A quiet revolution happened last night that seems not to have made the front pages or even featured particularly prominently on Today. However, to me it represents one of the best examples of Lib Dems making a difference in education since being in government – and a genuine step in the right direction with regards to realising the potential in all students.
There is to be a massive shake-up of GCSE league tables which is designed to stop the ‘perverse incentive’ for schools focusing on the students close to the C/D border to maximise the number of students achieving A*-C grades. Thanks to David Laws and his work in the department of Education, league tables will no longer be measure on just 5 subjects but 8 subjects, which include the humanities and vocational subjects or arts. Schools will be measured not just by how students do at the end of GCSE’s but by how much progress was made between GCSE’s and the end of Key Stage 2 (about age 11).
As a secondary school Physics teacher, I cannot overstate to you how revolutionary and welcome this is. Some of you may remember my speech at Conference Rally 2012 when I described how in one school I worked in, students were labelled as red, yellow or green depending on how close to the C/D border they were. We were told in no uncertain terms that the yellows were to get all our attention, despite our natural instinct to bring out the best in all our students. It’s a true story and one repeated in various forms across the country. I remember that at the time, over 10 years ago now, my heart broke. Today, it is being mended, just a little bit.
But let us also be clear, this is not a panacea and will not fix everything. Teachers at the moment are facing huge pressure and a change in the way schools are held to account will not be easy on many. As the NUT has pointed out, there is still work to do to ensure that all the good work schools do in preparing students in softer skills is yet to be properly recognised. However the ATL Union backs the principle of “prioritising the progress schools make with their pupils rather than simply rewarding those with the top grades. However it also warned that this means the Sats results are all the more important as they form the ‘base’ measure against progress is measured.
CentreForum are quoted as saying that this is ‘the single most important education reform of the coalition government’ and I agree with them. And I am even more proud that this is something that has been spearheaded by Liberal Democrats in government.
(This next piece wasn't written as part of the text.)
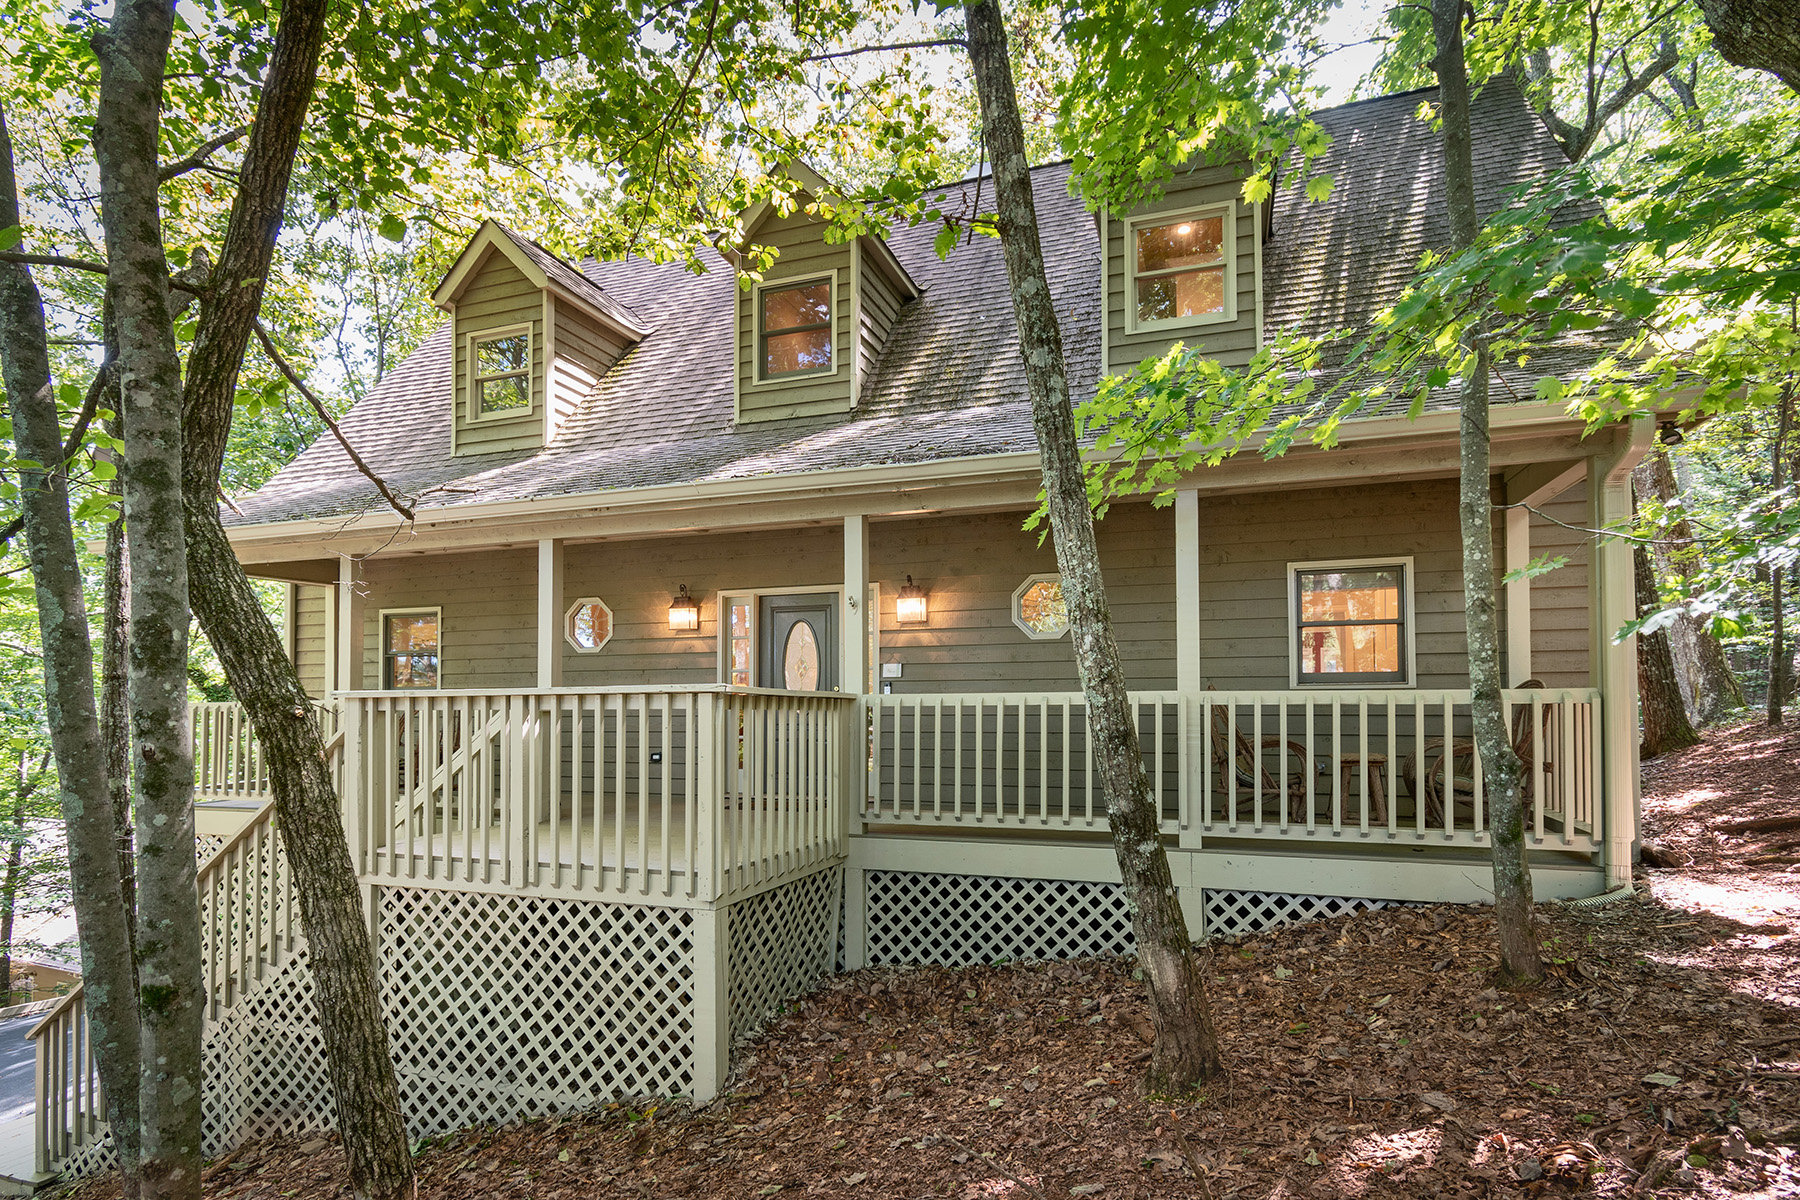 Single Family Homes pour l Vente à Like New Mountain Cottage On Cul-De-Sac Gated Community 200 Wild Azalea, Big Canoe, Georgia 30143 États-Unis

Given the relative lack of prominance this story has received in the news, I hope you will join me in telling as many people as you can. Today, I am very proud to be Liberal Democrat.
* Layla Moran is the Liberal Democrat MP for Oxford West and Abingdon



5 Comments
This is good news indeed.
For once, a policy announcement to be proud of. I’m having to get my jaw around a difficult and unfamiliar concept:
“Well done, David Laws.”
Are schools COMPELLED to do all they can to raise their position on whatever is this year’s calculation of league table points? Or is it something they do by their own volition? To my mind, any school that behaved like the one Layla Moran wrote about, with its red/yellow/green labelling is a BAD school – if I knew a school worked like that I would NOT want to sent my (hypothetical) kids there. It’s an indication of a school that has forgotten its real purpose, or is just too ready to jump to command from the politicos.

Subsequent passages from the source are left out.